Indian consumer goods company

J L Morison (India) Ltd. is an FMCG company based in Mumbai, India. The company has three lines of products – baby care: Morisons Baby Dreams, hair dyes: Bigen and toothpaste for sensitive teeth: Emoform.

==Brands==
Morisons Baby Dreams is the company's own flagship brand which has a range of baby products for babies from birth to 2 years. The categories include- feeding, hygiene, apparels, toys, mommy needs, grooming, baby gear.

Bigen is a hair colour brand owned by Hoyu company from Japan. JLM is licensee partner and exclusive manufacturer, distributor and marketer for the brand in India.
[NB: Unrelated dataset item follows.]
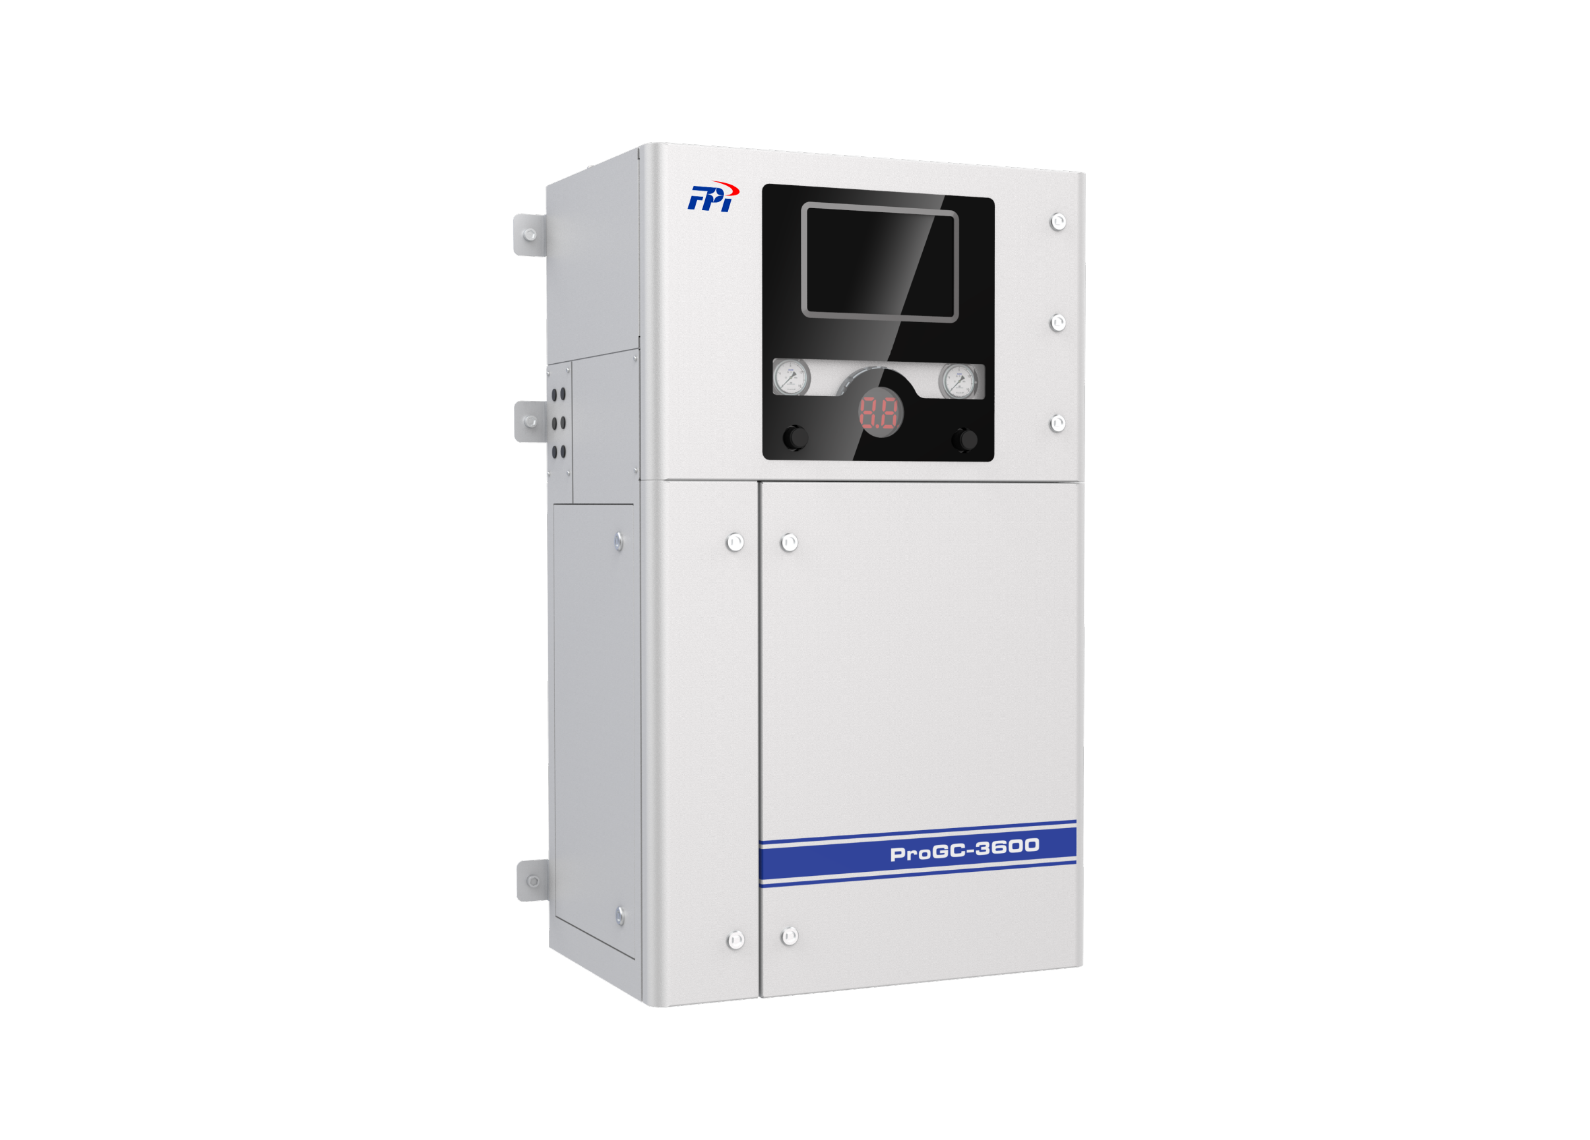 ProGC-3600 Industrial Online Chromatography Analyzer

Emoform-R is a sensitive toothpaste brand owned by Switzerland-based Dr. Wild and Co. JLM is the licensee partner and exclusive manufacturer, distributor and marketer for the brand in India.

==Manufacturing==
The company has a factory located in Waluj, Aurangabad which exclusively manufactures all the Bigen products for the India market and many products.

==Distribution==
The company has four main channels of distribution- traditional trade, modern trade, e-commerce and Canteen Store Dept. These are serviced through a country-wide depot network.